Вечные сумерки... Откуда ему это взбрело? Бережков посмотрел в окно, в красочный, залитый солнцем мир. Теперь, когда солнце, все еще яркое, горячее, перевалило на вечер, там все стало отчетливее. Уже не сливались в одну блистающую гладь течение Днепра и пески. Вдали небо и земля разделились; само небо было не блеклым, а ярко-голубым; кое-где разбросанные, сияющие белизной облака тоже словно приобрели форму, рельефность. Было видно, как на легком ветру трепетали листья тополя, как играли в зелени тени и свет. Да, вот она, жизнь, ее трепетание.
А Любарский продолжал излияния:
- Ах, какой талант! - восклицал он, рассматривая картину Ван-Гога. Ведь это написано с гравюры Доре. И живет само по себе! Вы, мой дорогой, любите гравюры?
Бережков не затруднился мгновенно полюбить этот вид художества.
- Но в сравнении с вами, - скромно признался он, - я, разумеется, профан.
- Доре! Калло! Великие мастера гравюры! Их надо изучать, им надо поклоняться!
Бережков оживленно закивал:
- Калло - это, Владимир Георгиевич, и мой, как бы сказать, кумир.
- Вот как? - Приятно удивленный, Любарский продолжал: - Какую изумительную легенду мне однажды довелось выслушать о нем!
- Легенду? - переспросил Бережков.
Он чуть не добавил: "От Августа Ивановича?", но вовремя прикусил язык.
- Вы ее не знаете?
Бережков не решился отказать хозяину дома в удовольствии блеснуть поразительным рассказом.
- Не знаю, - вылетело у него.
- В таком случае я вас с нею познакомлю. Мне ее поведал... Впрочем, это выяснится по ходу действия... Дело было так. Когда-то, еще до нашей великой социалистической, - эти слова Любарский произнес с иронией, - я побывал за границей и провел некоторое время в Париже, знакомясь там с автомобильными и авиационными заводами. Свободные часы я отдавал музеям...
Далее Бережкову была почти слово в слово, лишь с некоторыми вариациями, преподнесена новелла, с которой он сам не так давно носился. Ему, разумеется, пришлось широко раскрывать маленькие глазки, изображать требуемый обстоятельствами отклик.
- Дивная легенда! - воскликнул в нужном месте он.
И не кривил душой: новелла и сейчас ему понравилась.

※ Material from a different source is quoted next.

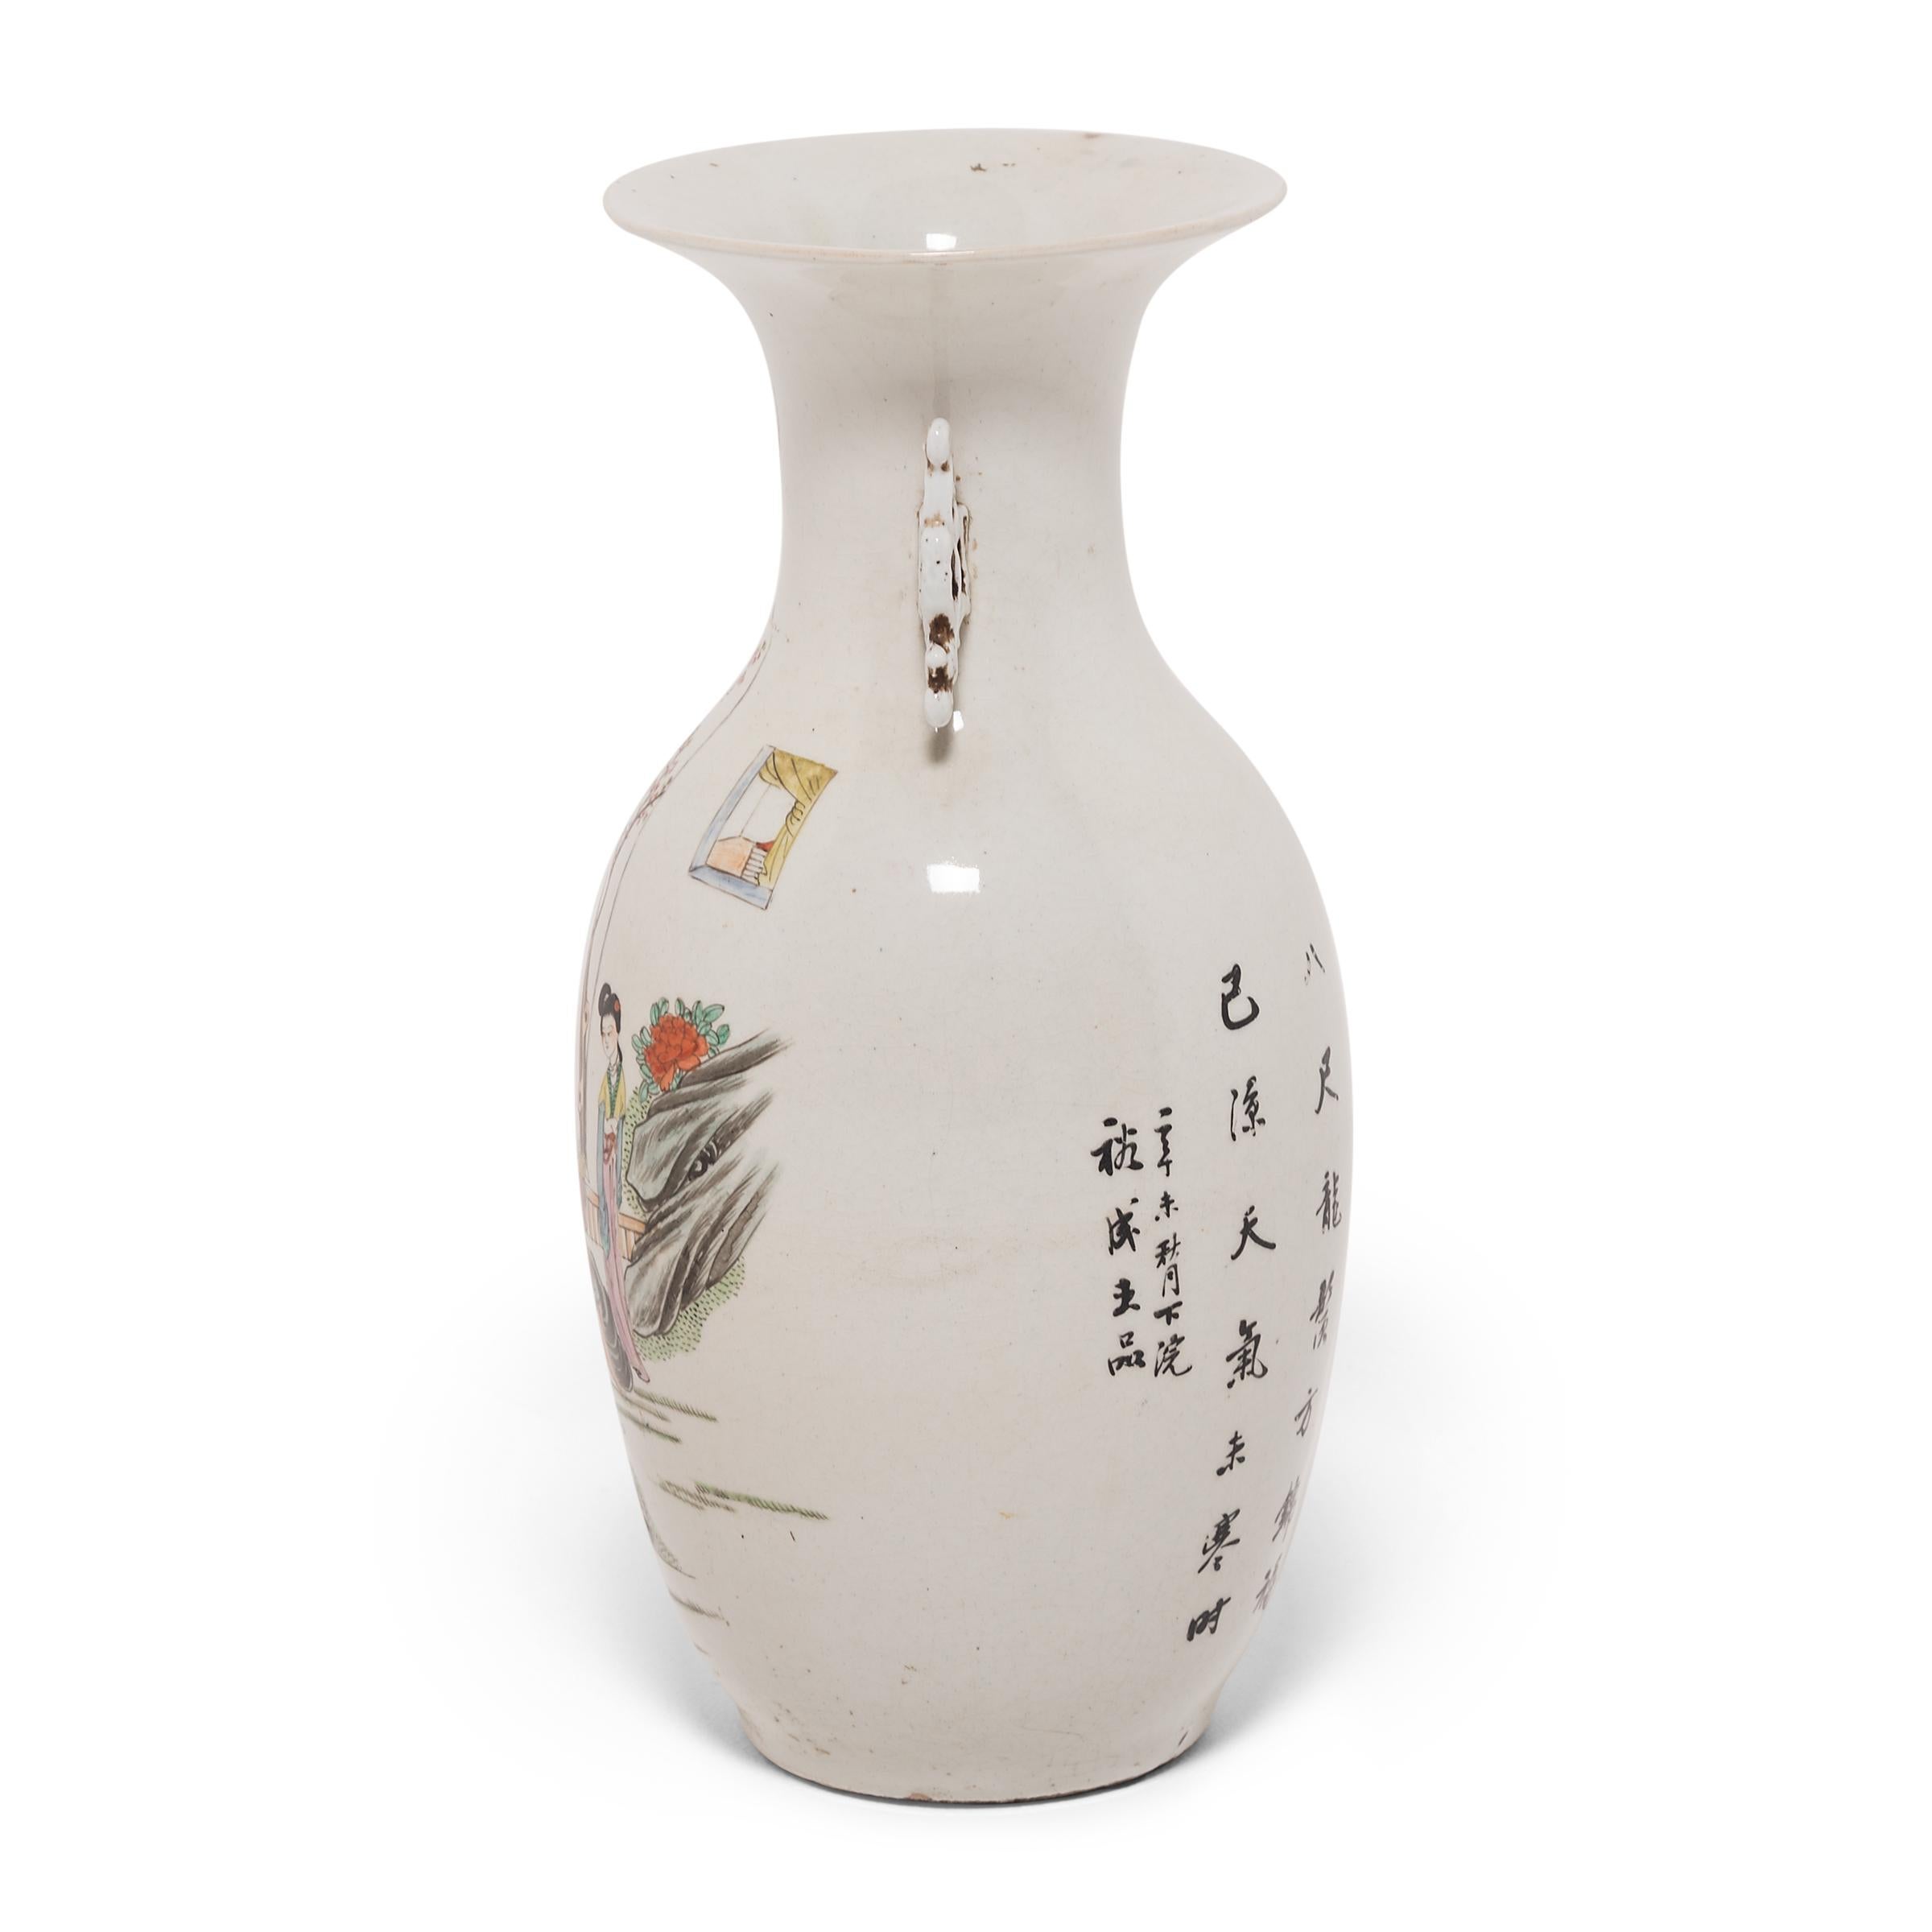 La forme de ce vase en porcelaine du XIXe siècle est appelée 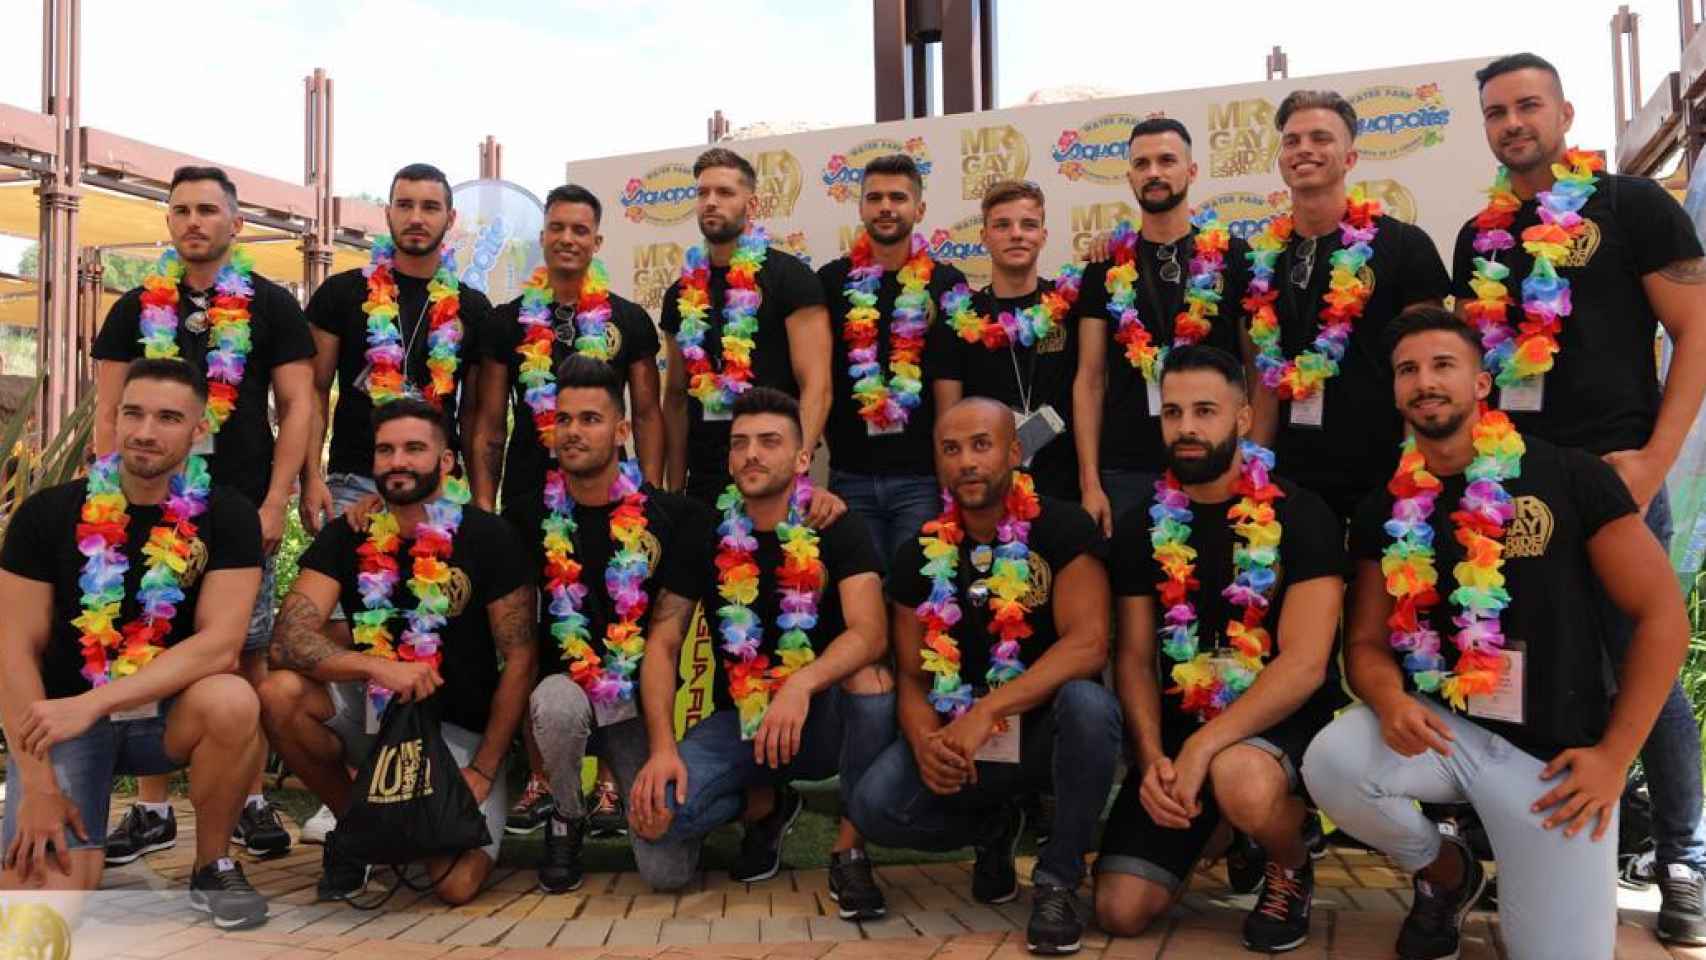 Estos son los 16 finalistas que lucharán por Mr. Gay Pride España 2017

- Трагедия всей нашей эпохи, - вздохнул Любарский.
- Почему трагедия?
- Вы не понимаете? Впрочем, некогда и я был молодым. Мечтал быть исключением, нарушителем канонов, дерзновенным автором невиданных вещей... Но разве у нас это возможно?.. Легенда о Калло - это, мой дорогой, реквием, похоронный гимн в честь яркой личности, исключительной индивидуальности, каким нет и не будет места в мире, где мы с вами живем.
Бережкова подмывало затеять дискуссию. Когда-то, горестно макая кисть в заветную баночку эмалевой краски и окрашивая старое жестяное корыто, он хоронил мечты, предавался мыслям, похожим на те, что высказывает сейчас Любарский. Но, черт возьми, разве плоха вторая его, Бережкова, жизнь?! Разве он не обрел снова мечты, дерзания, веру? Э, сеньор Любарский, вы, я вижу, просто не сумели шагнуть во вторую свою жизнь, все скорбите о первой!
Бережков, однако, удержался от возражений. "Не ляпнуть бы чего-нибудь не в лад!" - предостерегал он себя. Но что-нибудь надо же сказать! Любарский вот-вот, ища понимания, вопрошающе взглянет на него, а Бережков, сколько ни шарил, ни одной реплики в тон Любарскому не находил. Ой, худо, худо! Надо скорее выбираться с этой зыбкой почвы. Хватит живописцев! Ведь у него подготовлен еще один эффект - самый главный, последний и неотразимый! Пора, пора! Пришло время для мотора. "Разрешите, - Бережков в воображении галантно откланялся художникам, - отпустить вас с миром". Он осторожно придвинул комплект французского журнала; покосившись, проверил, на месте ли красная шелковая тесьма-закладка, и стал выжидать паузу.
Однако, заметив движение Бережкова, Любарский наложил руку на раскрытый альбом.
- Нет, нет, не трогайте... - Он опять обратил взор на картину Ван-Гога, вздохнул. - Тюрьма, тюрьма... Круг заключенных... Перед этим полотном я когда-то простаивал часами... Ведь художник тут рассказал и обо мне, о нас, мой дорогой... Нет, как хотите, гениальное произведение, а?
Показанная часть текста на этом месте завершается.